JiaLonghao1997 commented 1 year ago

When we run coverm:

/home1/jialh/anaconda3/envs/MAG/bin/coverm contig  \
-t 8 -r /home1/jialh/brain/CAGs/CAGs/cdhit_rep_seq.fna  \
-1 /home1/jialh/brain/JPN/preprocessing/01_processing/05_sync/SRR13083091_1.fq.gz \
-2 /home1/jialh/brain/JPN/preprocessing/01_processing/05_sync/SRR13083091_2.fq.gz     \
--bam-file-cache-directory /home1/jialh/brain/CAGs/CAGs/coverm/SRR13083091_coverm_temp     \
--output-file /home1/jialh/brain/CAGs/CAGs/coverm/SRR13083091_gene_abundance.txt

We got the next error. The reference file cdhit_rep_seq.fna is from hundreds of samples, which include the sample SRR13083091. Why do we got this error? How to deal with this issue? image

From the timestamps it seems minimap2 finishes instantly, which isn't a good sign. Is something wrong with the input files or minimap2 executable?
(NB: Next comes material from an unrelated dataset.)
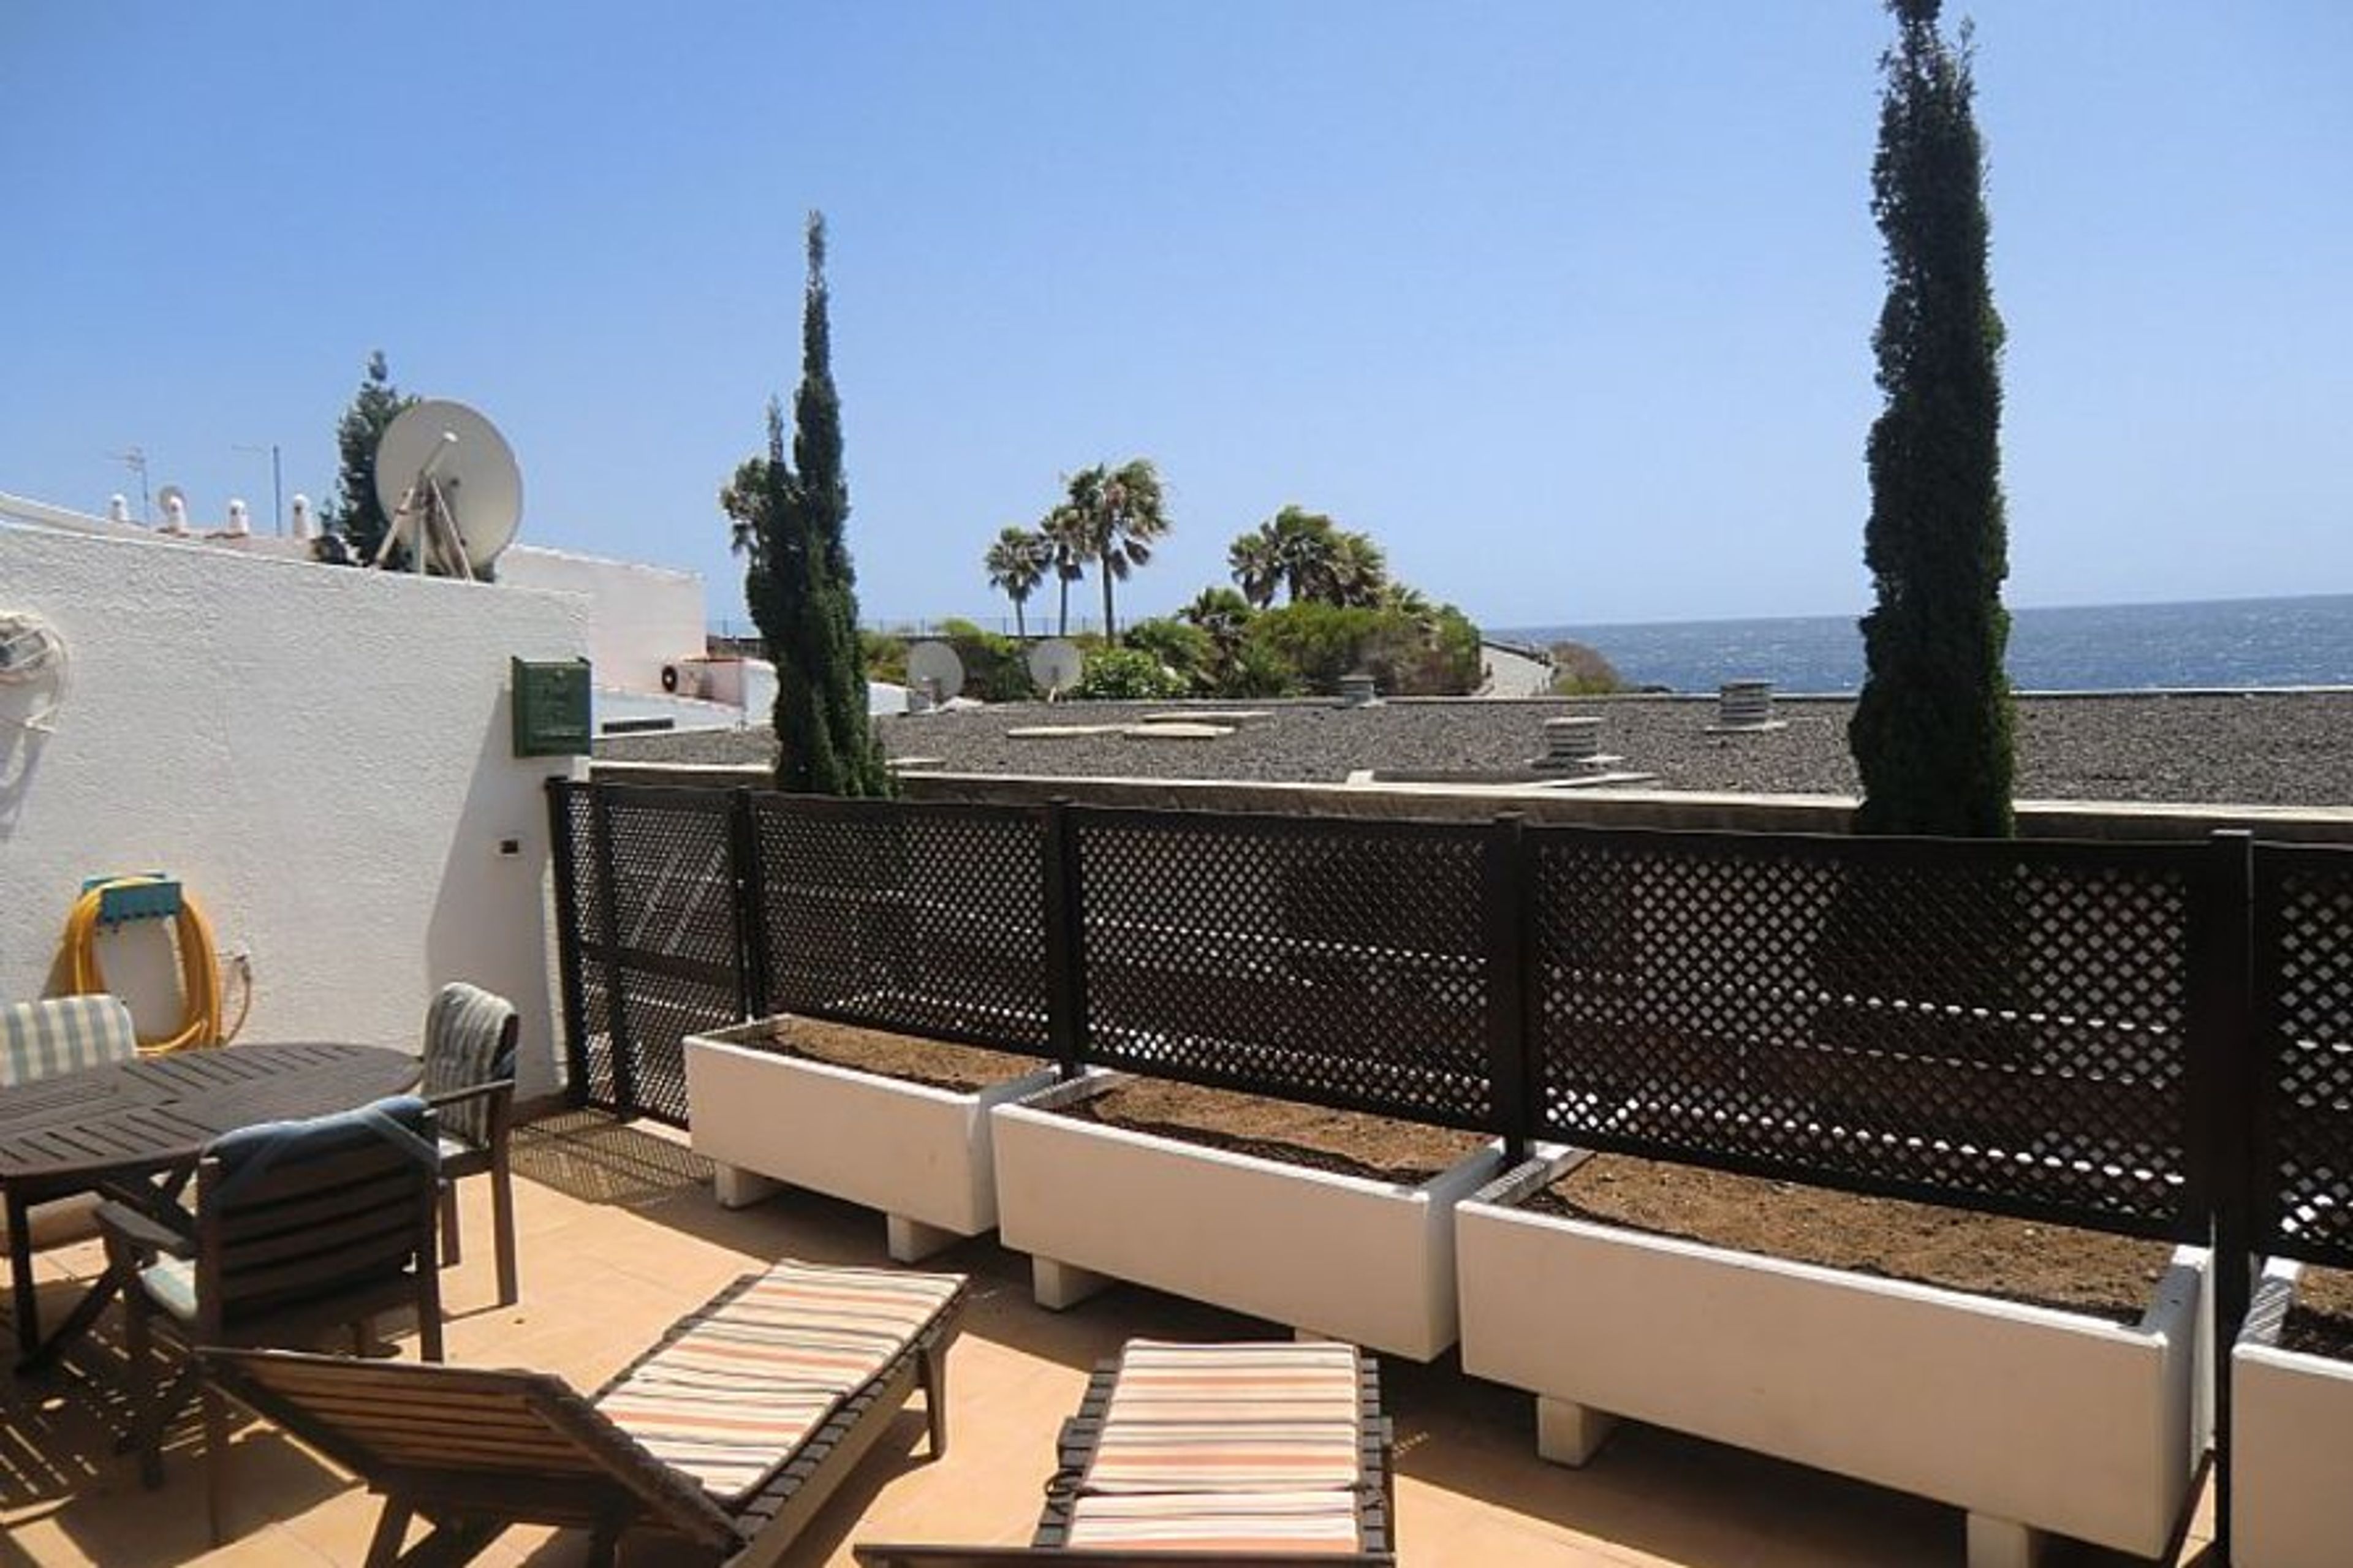 The sunny terrace and sea views

I was wondering if you have managed to solve this problem. I'm having a similar issue and would greatly appreciate any help you can give me.

You can just map reads to the contigs by minimap2 before calculating abundance by coverm.

reference: https://github.com/deng-lab/viroprofiler/blob/main/modules/local/abundance.nf

[WARNING] For a multi-part index, no @SQ lines will be outputted.

Please use --split-prefix. https://github.com/lh3/minimap2/issues/301

node: One CPUs contains two cores. If threads=4, %CPU will be around 200%.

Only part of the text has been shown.